Things looked fine on the practice field, and the ball was jumping off Hardin’s foot again. However, when the kicking job was opened during practice last fall, Hardin usually won the job because of his performance in practices. The issue was in game situations. During the spring game, Hardin added a 4-4 performance, hitting field goals from 24, 35, 42 and 43 yards. It’s not a concrete sign that he is back to form, but it was a step in the right direction.
If Hardin struggles again this season, the Gators have multiple options they could go to. Frankie Velez was successful last season, going 6-8 with a long of 44 yards. He’s a redshirt senior this fall. Florida also added Brooks Abbott in the offseason after he transferred from Virginia Tech. He is a former Army All-American while a student at the Bolles School and handled kickoff duties for the Hokies in 2012.
The punter position should produce one of the best battles in fall camp. The idea of a position battle seemed crazy heading into last season. Kyle Christy was coming off a year that had him as a finalist for the Ray Guy Award. However, his early season struggles forced him to lose his job. He ended the year with just 21 punts, averaging 39.6 yards after averaging 45.8 yards per punt in 2012.
Every number took a dip, and the Florida coaches eventually had to make a change.
Freshman Johnny Townsend, who was originally expected to redshirt last season, took over as the starting punter and led the team with 29 punts on the year. Townsend averaged 42 yards per punt, topping the 40.9 yards that Christy averaged during his freshman year of 2011. Townsend added five punts of 50+ yards.
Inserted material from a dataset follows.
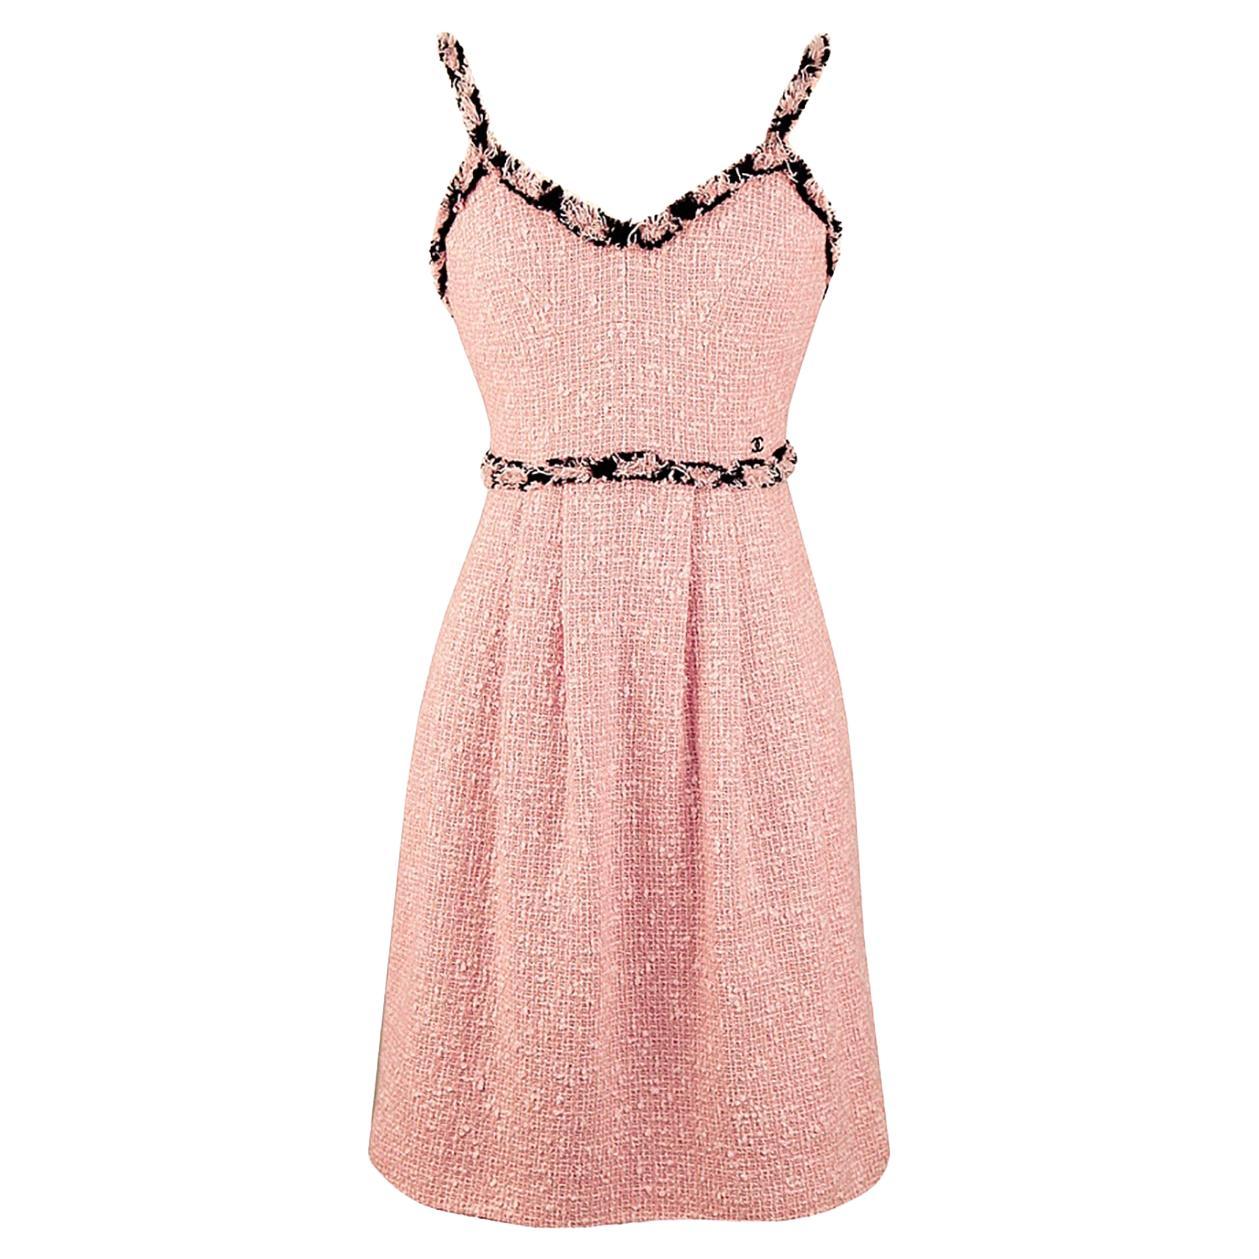 Chanel Eva Longoria Style Famous Pastel Pink Tweed Dress For Sale
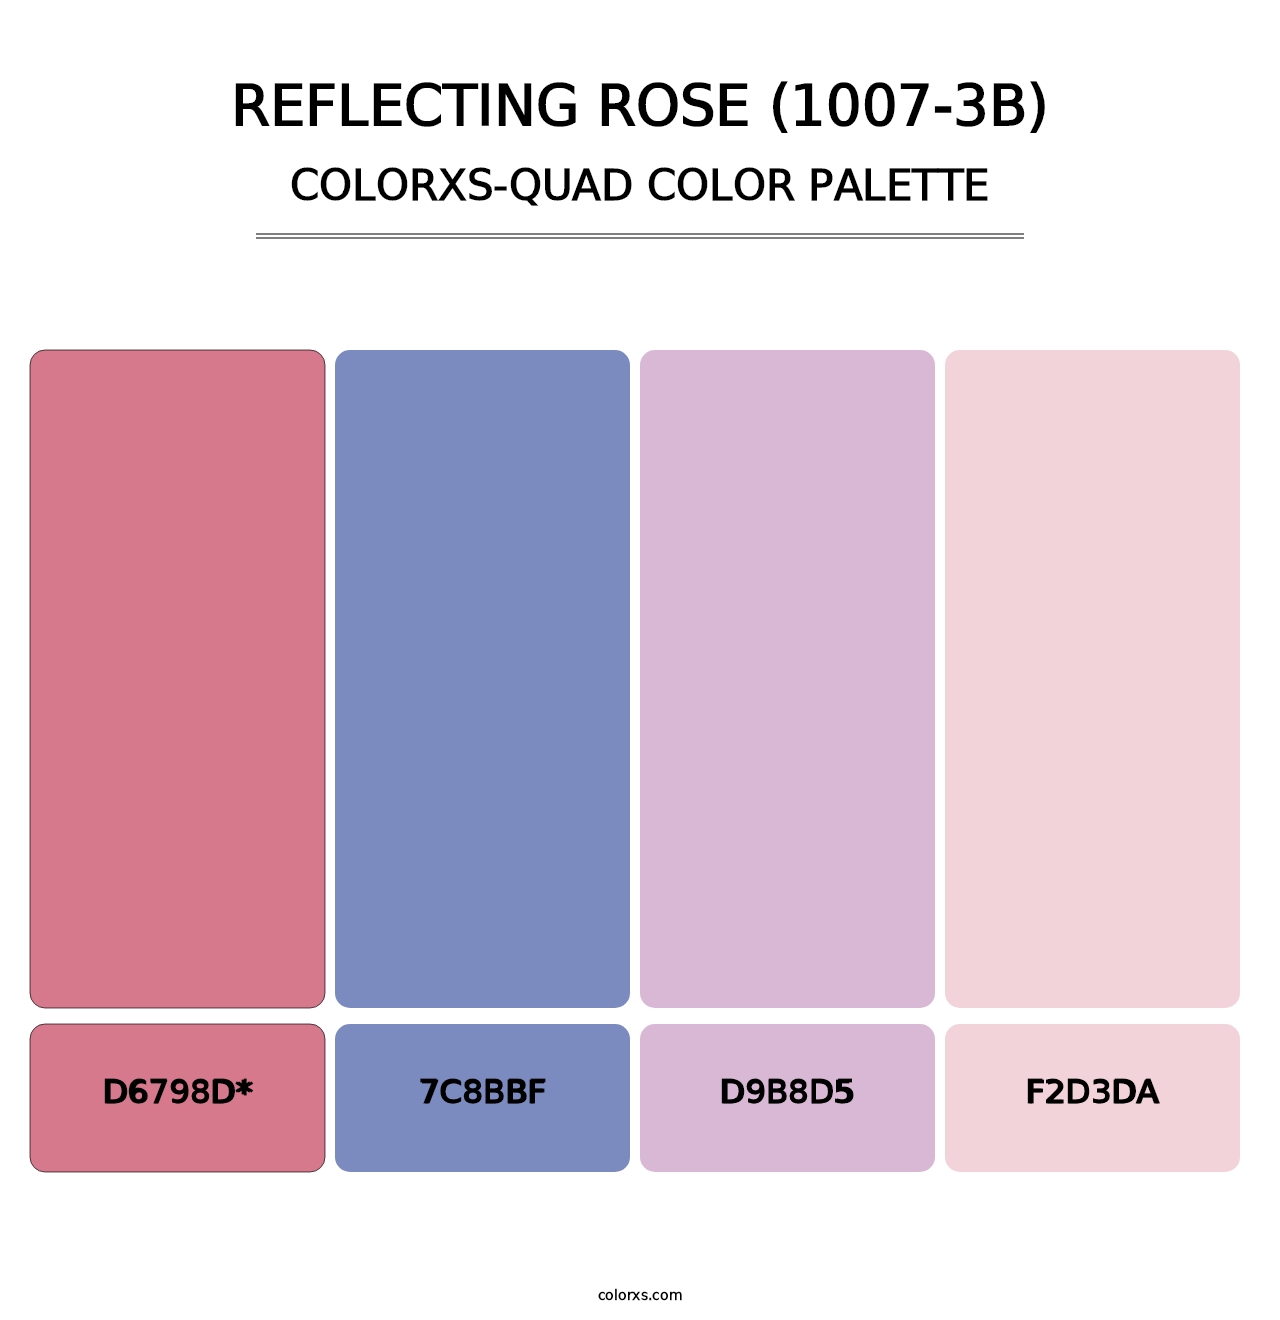 Reflecting Rose (1007-3B) - Colorxs Quad Palette

Both punters had a good spring. Practices usually ended with Christy and Townsend alternating reps, booming punts and helping the team work on special teams. The ball jumped off Christy’s foot like it did during the 2012 season, and he looked ready for a bounce back.
The best case scenario for Florida is for one of the two to win the job and keep it all year. Christy, a true senior, might make the most sense for the roster. It would give Townsend a chance to redshirt and still have three years to punt for Florida, and it would be Christy’s last year at Florida.
The issues for the fall are similar to what happened at the kicker position in the spring. Christy’s confidence has to be rebuilt. That started during the spring and looked to be paying dividends, but it has to continue into fall practice.
It’s rare to have such questions about the both specialist positions on a team heading into fall camp, but the Gators have to answer them at both spots.